人気うどん店に学ぶ、女性と家族客を取り込む経営戦略

女性や家族客を取り込むことが、ビジネス成功の鉄則のひとつとも言えます。しかし、一口に女性や家族客を取り込むといっても、何をどうすればいいのか見当がつかないものです。

ある人気創作うどん店の事例から、女性と家族客を取り込む経営戦略とプロセスを読み取ってみましょう。

女性が1人でも入りやすくするため、内装を工夫

「老若男女が楽しめるうどんを、もっと気軽に食べてほしい」というオーナーの思いが、このうどん店の経営戦略のベースになっています。女性や子供連れの若い家族客が気軽に来店できるよう、まず内装を工夫しました。

ぬくもりのあるウッド調のインテリアを置き、スタイリッシュなカフェ風の空間に仕上げました。入口を大きなガラス張りにして開放的にすることで、女性が1人でも気軽に入れるような店づくりにして、従来のうどん店の概念を打破したのです。

店内にはオーナーの趣味でもあるDJブースを設け、BGMにもこだわりました。このように、うどん店とは思えないスタイルが女性客の話題を呼び、集客をもたらしたのです。

 

「ここでしか味わえない」創作メニューを用意

外装だけでなく中身にもこだわることを忘れていません。

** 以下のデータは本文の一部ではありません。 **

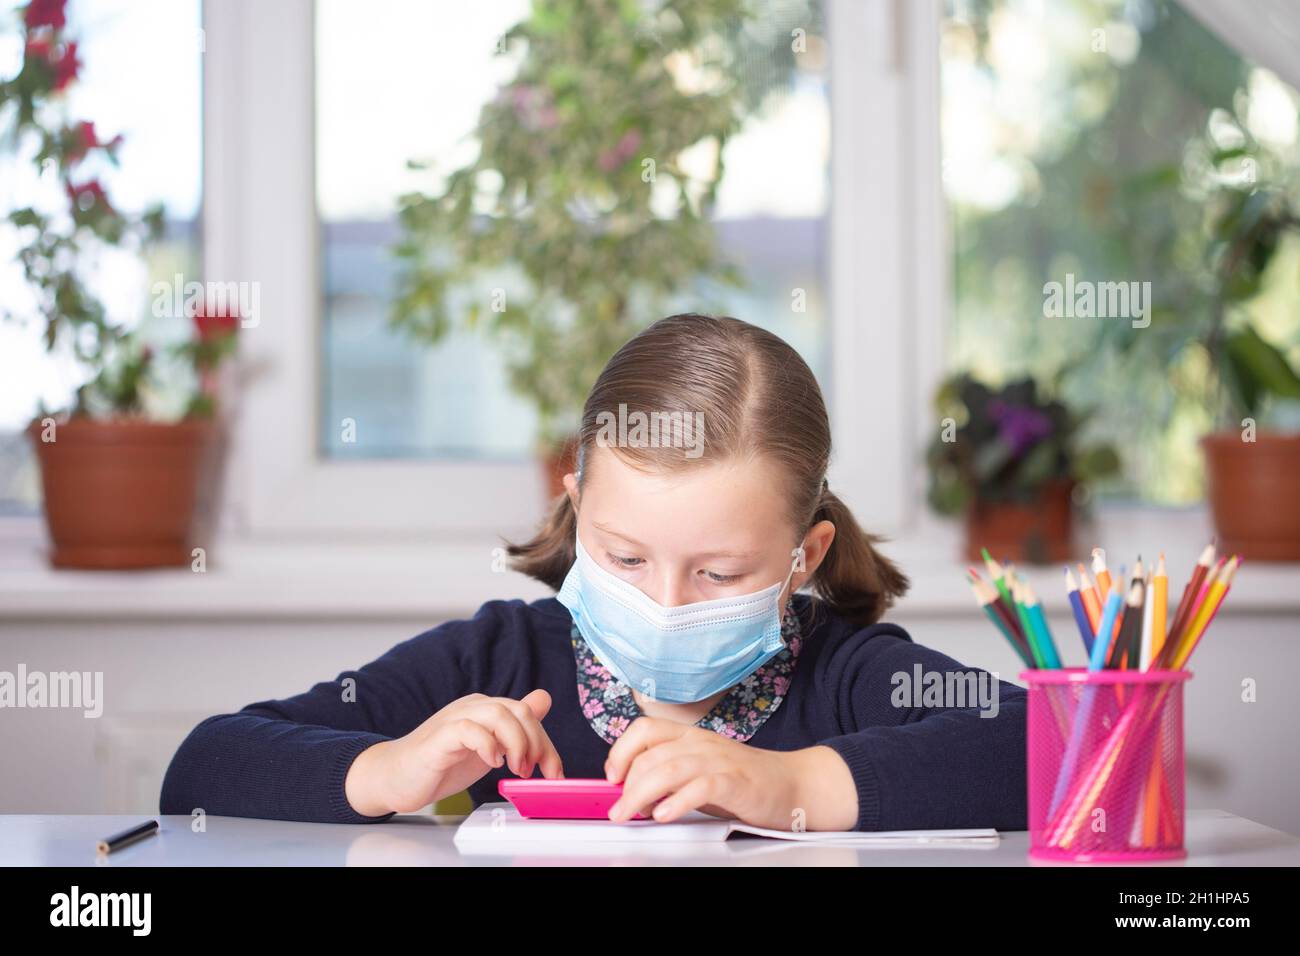 Enfant d'école portant un masque de protection contre le coronavirus à l'école. Mesures visant à prévenir la propagation du COVID-19 dans les écoles pendant le coronavirus pande Banque D'Images

多彩な創作うどんをメニューに掲げ、差別化を図りました。

看板商品は、10種類の野菜の薬味を添えた釜揚げうどん。きんぴらごぼうやイクラおろし、山芋など多彩な薬味を添えて視覚的に訴え、食感と味の変化を楽しんでもらう演出をしています。

 

また、もうひとつの人気メニューである、和牛の一枚肉を具材に用いたうどんでは、食べるときにあつあつのだし汁をかけて、お肉をしゃぶしゃぶのように熱を通して、お好みのタイミングでいただくという斬新さが人気を博しています。まさに「ここでしか味わえない」メニューを用意し、口コミを増やしているのです。

さらに、リピーター獲得のために月替わりの新メニューも続々と開発している点も見逃せません。

 

メニューの独自性と店の雰囲気づくりが重要

飲食店が女性や家族客を取り込むには「入りやすい入口」、「カフェ風の空間」といったハード面の工夫と、「ここでしか味わえない独自メニューの創作」「リピーター獲得のための新メニューの開発」などソフト面の努力を、バランスよく手掛けることが大事なのです。